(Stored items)

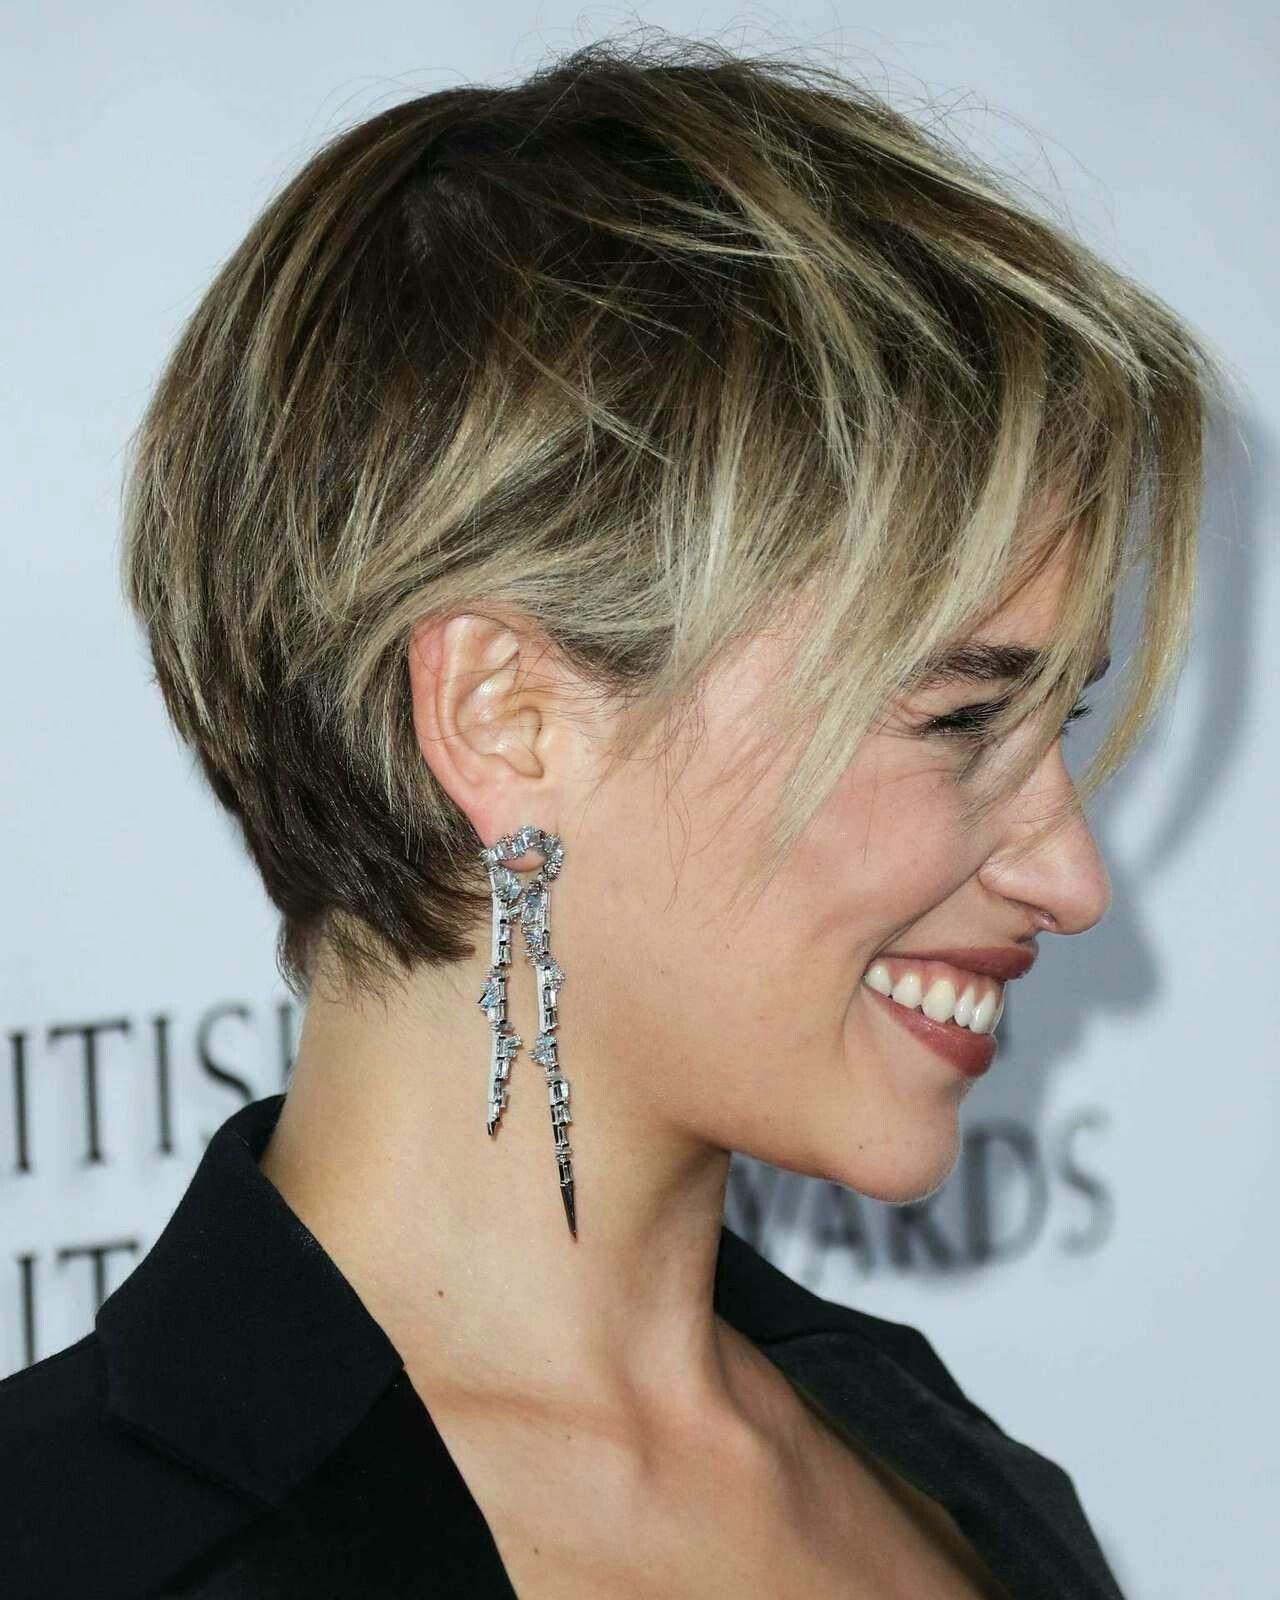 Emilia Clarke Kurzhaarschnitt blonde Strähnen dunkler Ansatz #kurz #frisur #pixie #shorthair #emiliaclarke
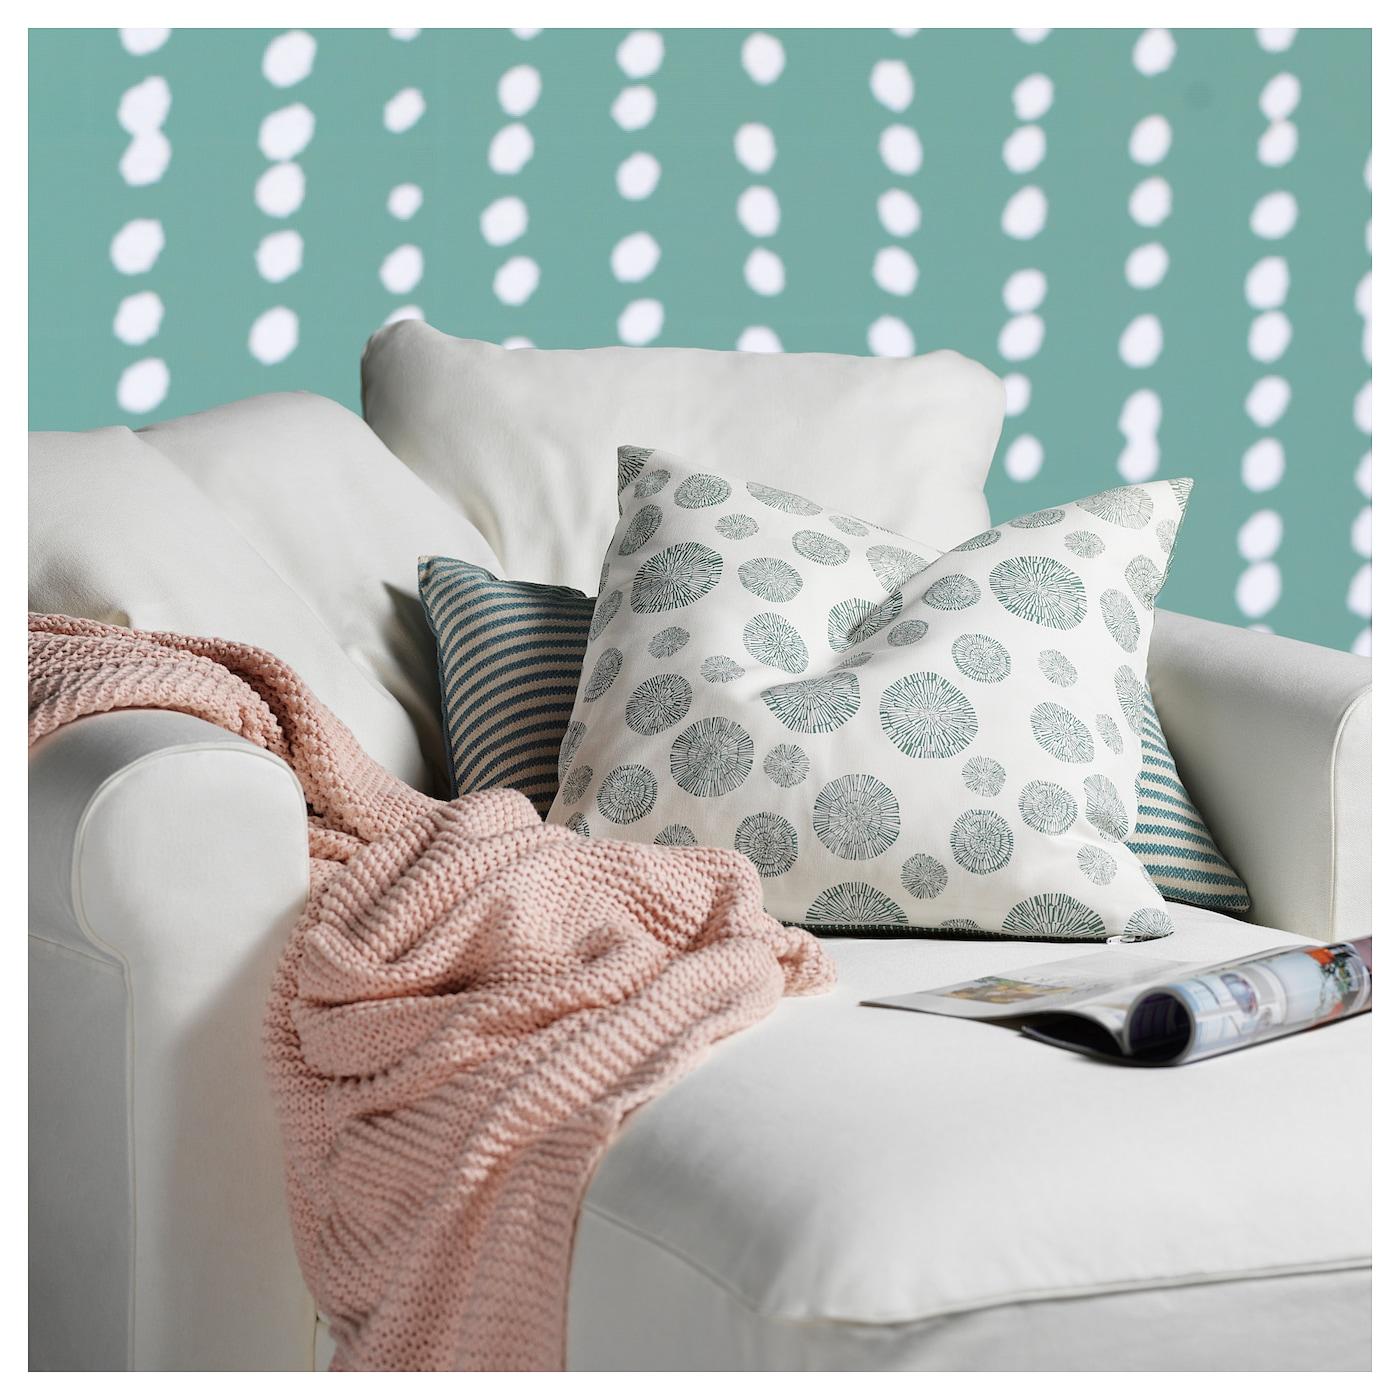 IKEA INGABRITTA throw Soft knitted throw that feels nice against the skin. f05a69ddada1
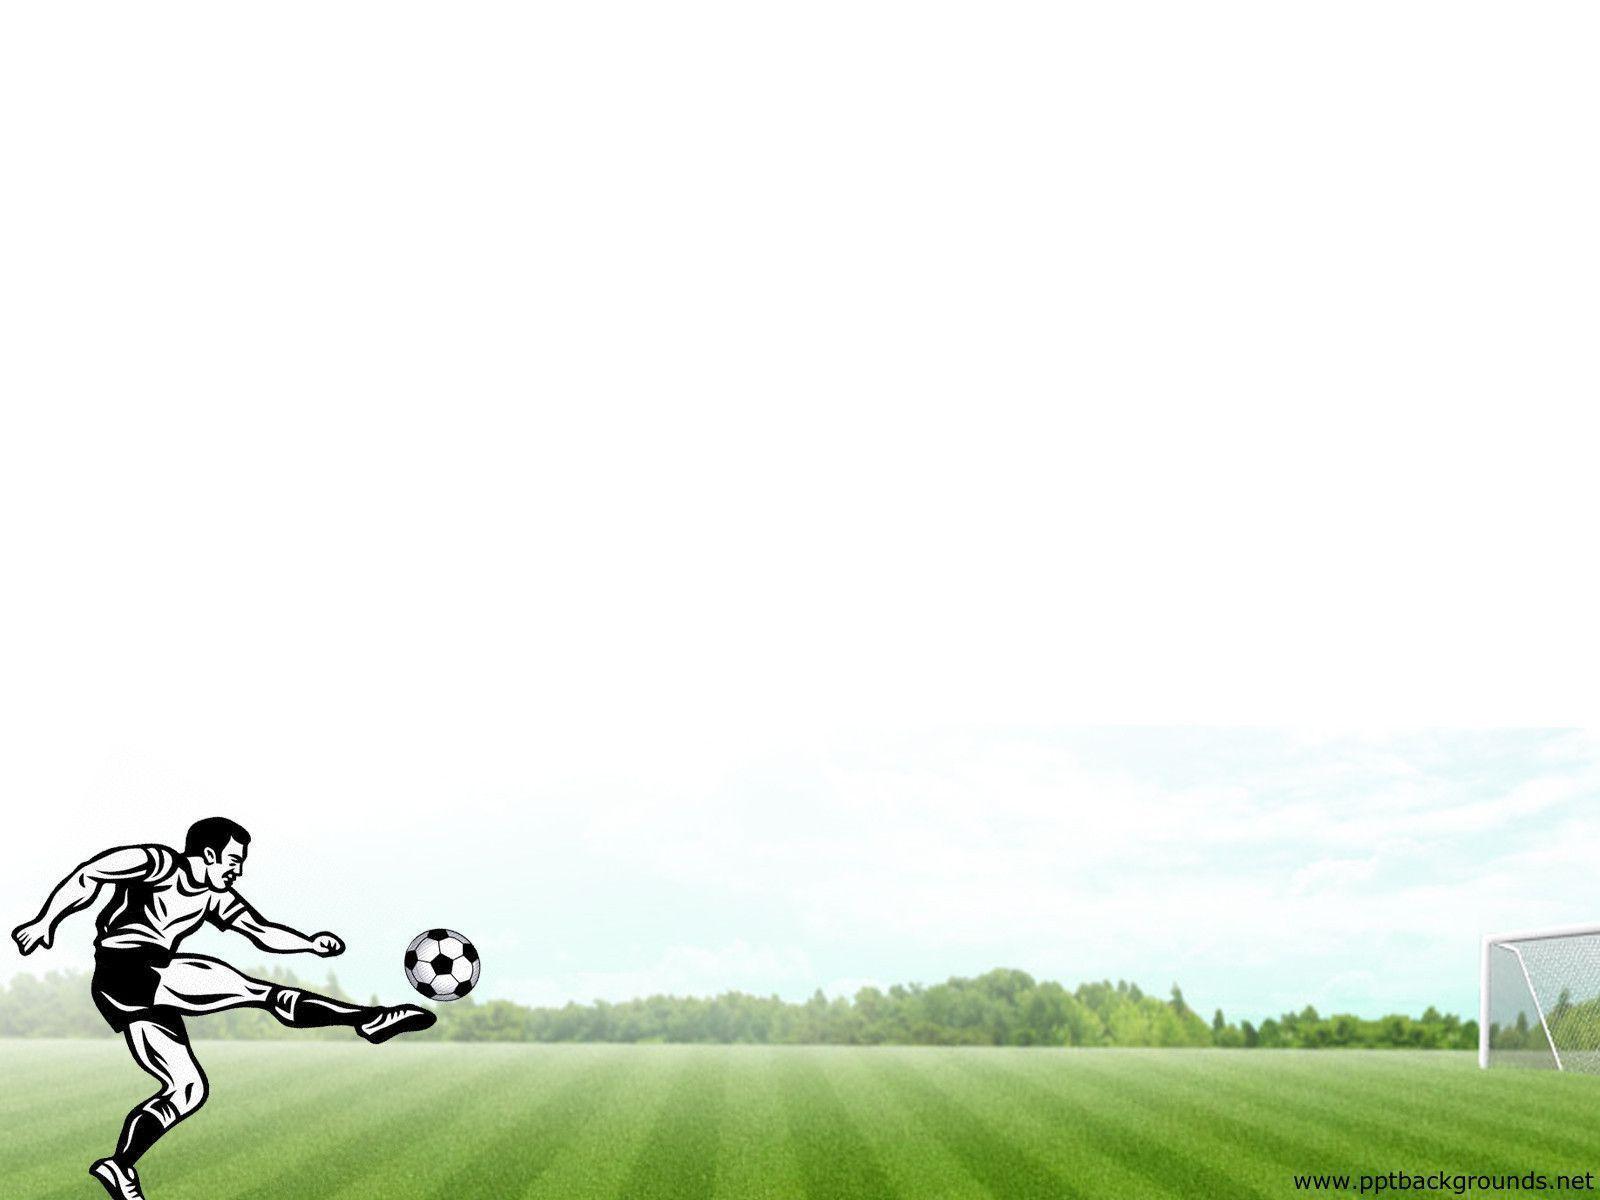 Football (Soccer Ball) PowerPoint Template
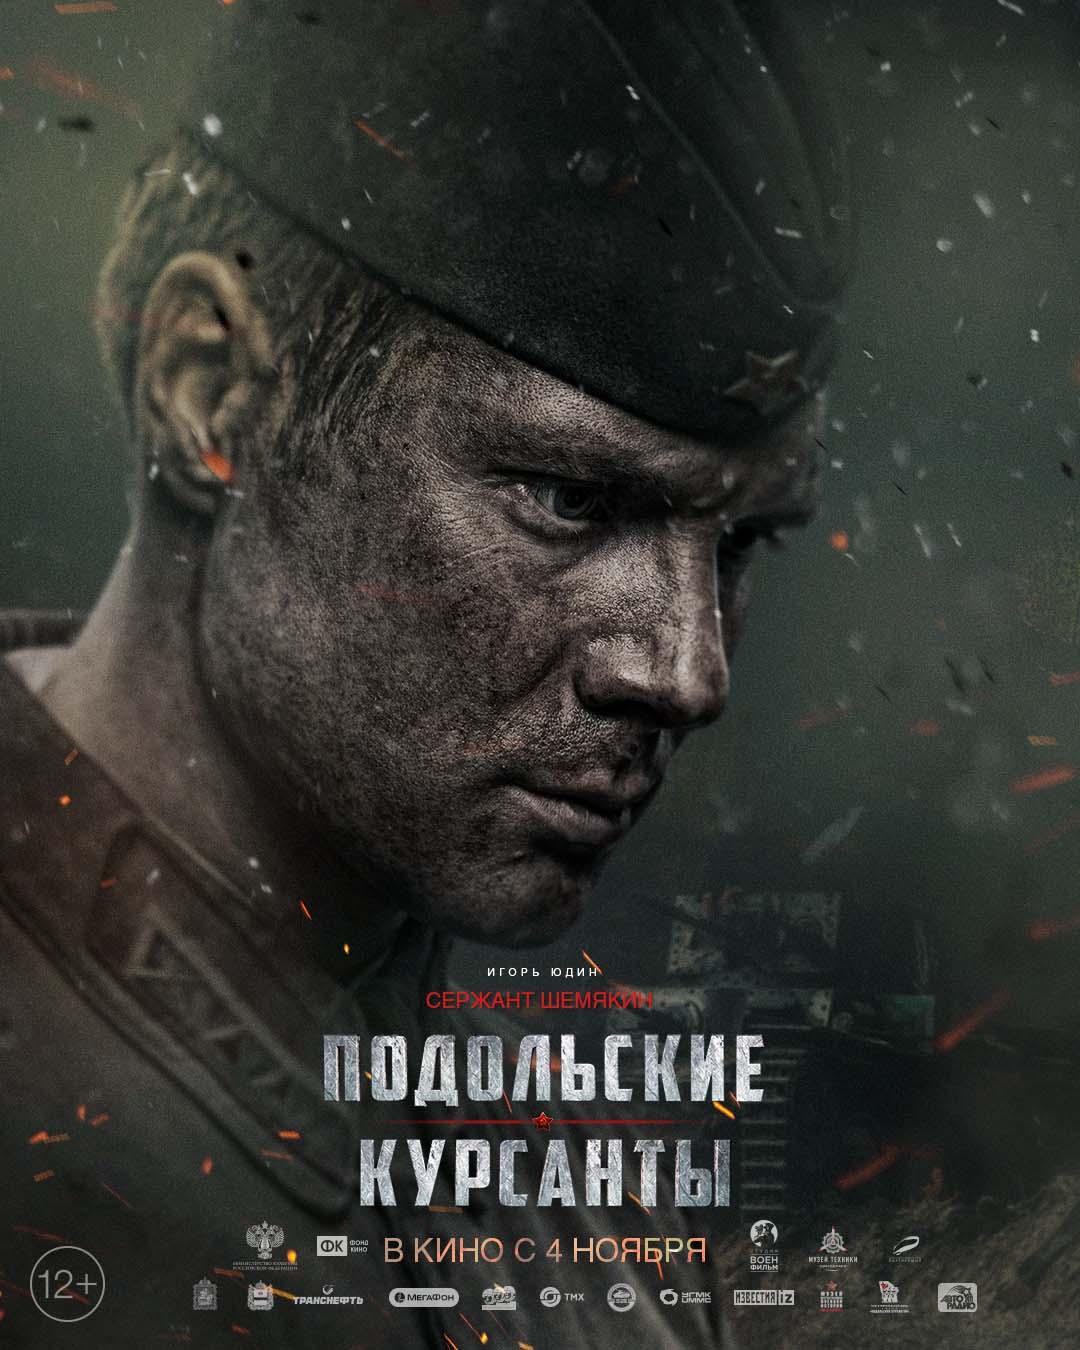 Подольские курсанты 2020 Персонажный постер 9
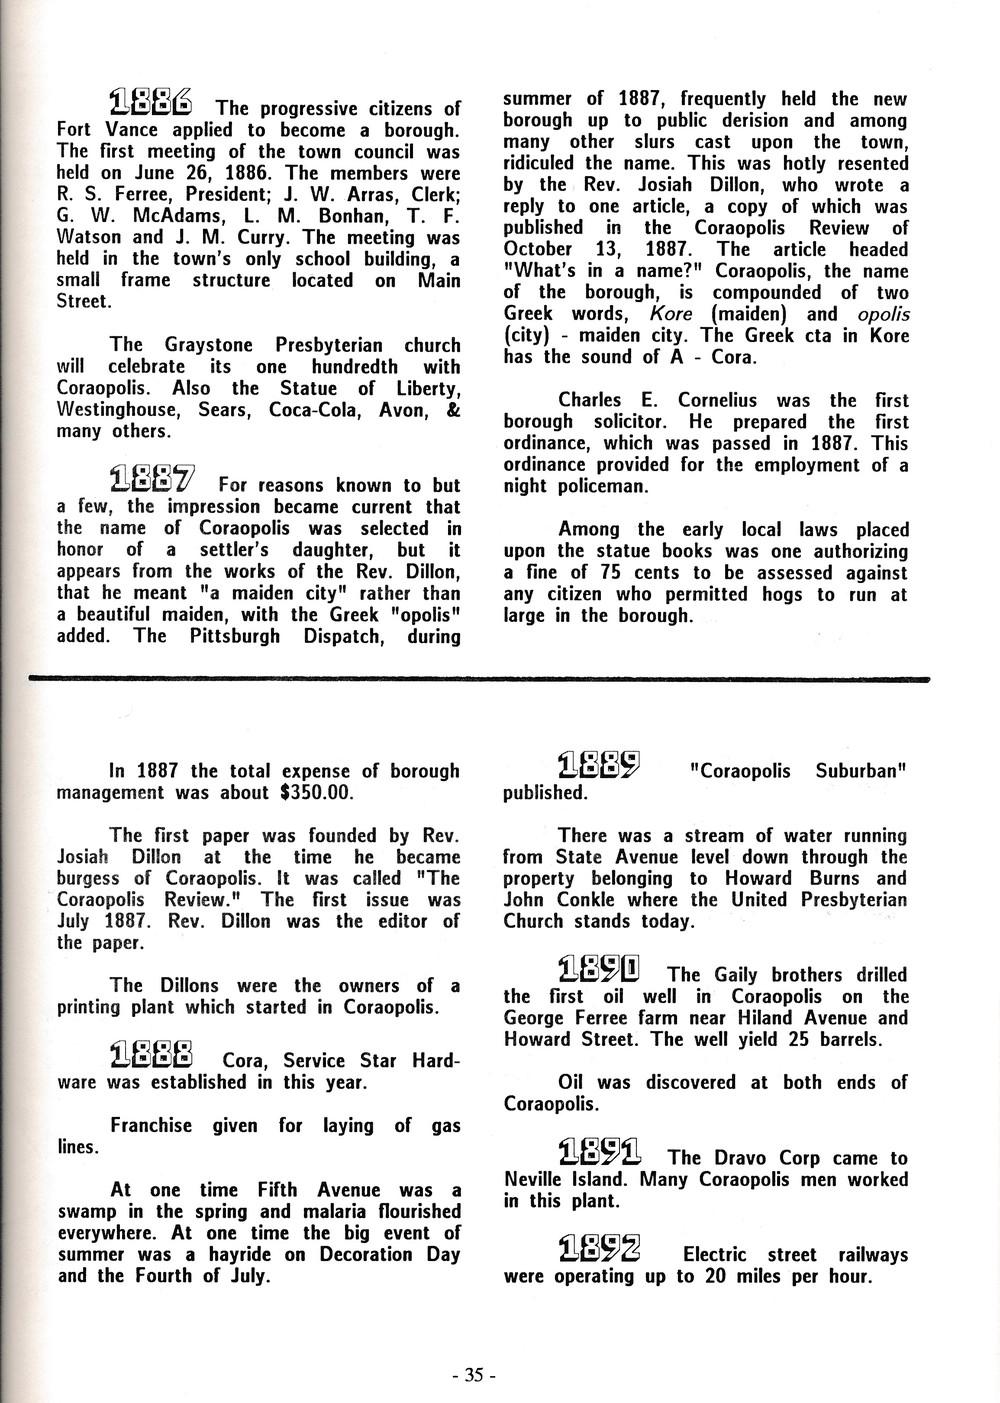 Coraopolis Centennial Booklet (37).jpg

* **Your assignment**
This exercise asks for the data above to be given again exactly, without pictures.

* **Solution to this task**
 Emilia Clarke Kurzhaarschnitt blonde Strähnen dunkler Ansatz #kurz #frisur #pixie #shorthair #emiliaclarke
 IKEA INGABRITTA throw Soft knitted throw that feels nice against the skin. f05a69ddada1
 Football (Soccer Ball) PowerPoint Template
 Подольские курсанты 2020 Персонажный постер 9
 Coraopolis Centennial Booklet (37).jpg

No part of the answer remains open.